久保が今シーズン出場しなかったのはわずか5試合のみ。ラ・リーガのバルセロナ戦は累積警告による出場停止、格下相手の国王杯最初の2試合(ホベ・エスパニョール戦、コンケンセ戦)は招集外、ヨーロッパリーグのニース戦とラ・リーガのベティス戦はベンチだった。
これだけ出場できているのは、ケガをまったくしていないからだ。久保を警戒する対戦相手は以前にも増して厳しくマークしてくるが、審判団はラフプレーから彼を守ってはくれない。しかし、幸いにもフィジカル面に問題を抱えることなく、いつでも出場できる状態を維持してきた。
それは久保自身のフィジカル管理がよかったこともあるが、イマノルのローテーションの効果が大きいだろう。特に厳しい試合が続いたシーズン前半は何度もメンバー変更を行なってきた。久保には常に細心の注意を払い、重要な試合にはフレッシュな状態で先発させ、いくつかの試合ではスーパーサブとして起用するなど、最高の状態で起用できるように取り組んできた。
チームメイトの多くがケガで戦線離脱してきたことを考えると、試合数はミケル・オヤルサバルに次いでチームで2番目に多く、出場時間は5番目に長い久保のケースは奇跡に近いと言える。
【評価の分かれたビジャレアル戦】
ラ・リーガ第31節のマジョルカ戦から1週間以上空いたことで、第32節のビジャレアルとの大事な一戦に久保は比較的フレッシュな状態で先発した。ラ・レアル(レアル・ソシエダの愛称)は前半、失点シーンとその後の2、3分の混乱を除けば、ボールを持ち、流動的かつ攻撃的なサッカーを展開するなど、ここ最近では最もよいパフォーマンスを見せた。

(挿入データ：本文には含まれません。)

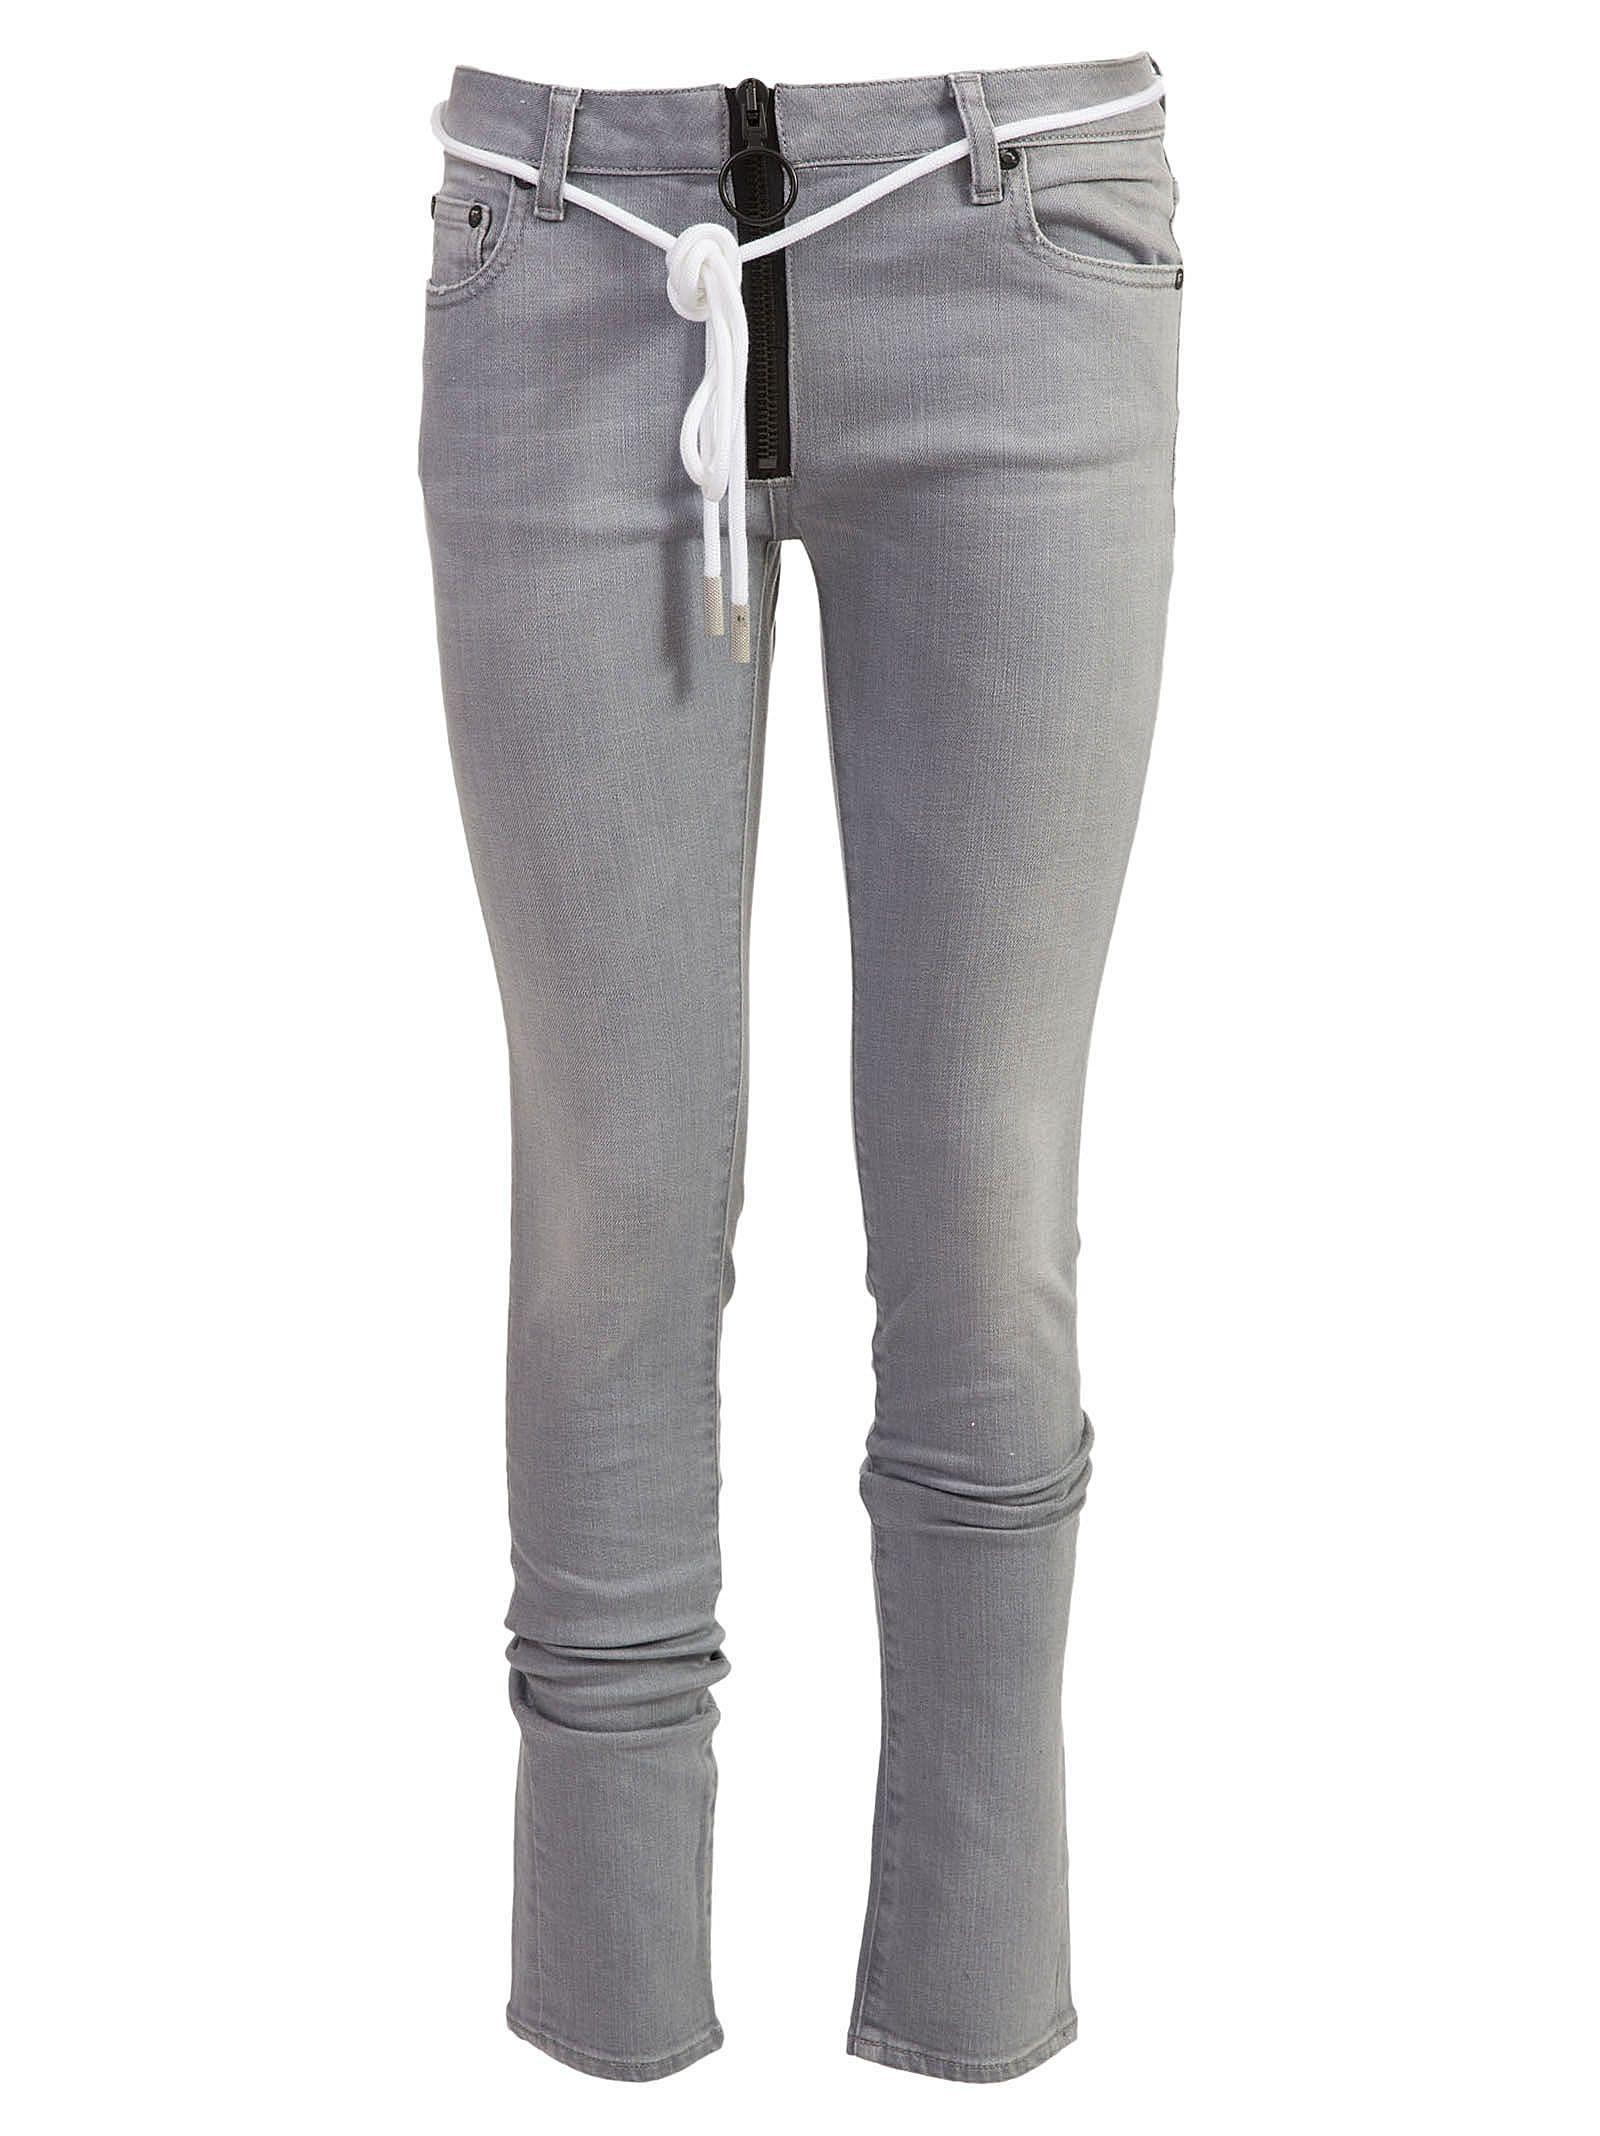 Off-white Striped Trim Jeans

久保はいつものように相手から厳しいマークを受けるも、攻撃を加速させる絶対的な鍵となり、前半終了間際にはセルジ・カルドナと対峙しながら2度チャンスを生み出した。
1度目はゴールに向かう柔らかいクロスをファーポストに入れたが、相手GKとクロスバーに阻まれた。2度目は悪魔のような加速でサイドを突破し、右足で完璧な低空のクロスをあげ、ルカ・スチッチの決定機を演出してみせた。
しかし後半に入り、イマノルがシステムを5-4-1に変えたことで、ラ・レアルから攻撃的なプレーが完全に消え、酷いパフォーマンスに終始した。久保も存在感が薄れ、後半41分に交代するまで姿が見えなかった。彼の成績はパス成功数20本、パス成功率80%、キーパス1本、デュエル勝利5回、被ファウル2回、ボールロスト11回、クリア1回だった。

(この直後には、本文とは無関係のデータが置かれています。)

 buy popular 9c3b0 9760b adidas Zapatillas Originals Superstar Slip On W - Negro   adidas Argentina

この試合での久保は、チームの数少ないチャンスを作り出したひとりであることは間違いないが、プレーにほとんど関与しない時間が長かったと、地元のメディアは指摘している。
クラブの地元紙『ノティシアス・デ・ギプスコア』のミケル・レカルデ記者は各選手を採点するにあたり、「久保はとてもすばらしいプレーを3回見せたが、プレーにかかわらない時間が長すぎた」と寸評した。
私の同僚のホルへ・セラーノ記者も、「プレーが断続的だった。前半は相手のサイドバックが低い位置にポジションを取ったことでチャンスを作れていたが、ハーフタイム後のシステム変更により、パフォーマンスが悪化してしまった」と同意見だった。
一方、『ディアリオ・バスコ』紙のベニャト・バレト記者は、「得点とアシストを記録してピッチを去るチャンスがあったし、ボールを持っていない時もハードワークし、アマリ・トラオレやホン・アランブルをサポートした」と攻守に渡る働きぶりを称賛した。
【現地で評価される久保の発言】
久保はビジャレアル後に「地獄だったよ。負けるゲームじゃなかったとたまに言う時はあるが、今回は引き分けに値しなかったと思う」と感想を述べた。
このような発言は、久保が公の場で話すたびにいかに興味深い人物であるかを示すほんの一例に過ぎない。常に話題になるコメントを提供してくれるという点で、地元メディアは彼の発言を高く評価し、求めている。ラ・レアルに移籍してきた当初から流暢なスペイン語でサン・セバスティアンの街や文化、クラブを気に入っていることを話し、最初の瞬間から溶け込んでいる。
ほとんど常に包み隠さず自分の意見を述べ、ユニークかつ個性的なタッチを加えた発言はラ・レアルのサポーターだけでなく、サッカーファン全般に好まれている。それは試合やチームバスのスタジアム到着時、年に数回の公開練習で子どもたちから最も声援が飛ぶ選手のひとりであることからもわかる。これらすべてが久保に居心地のよさを感じさせ、メディアに対しても心を開いて話してくれる環境となっているのだと思う。
彼の受け答えはウィットに富み、しばし笑いを誘い、時に真剣だ。どんな質問であっても避けることなく、空虚なフレーズを使わず、中身のある話をしてくれる。レフェリーやラ・リーガ、チームのパフォーマンスを批判することも気にしない。そして何よりもサポーターから高く評価されているのは自己批判する点だ。
今日のサッカー界は選手が自由に発言できない、特有の堅苦しさと真面目さに染まっている。ラ・レアルでも常にはっきりとした口調で話し、率直に答える選手はほとんどいない。だからこそ、久保が話す言葉にどのような価値があるのかがわかるのだ。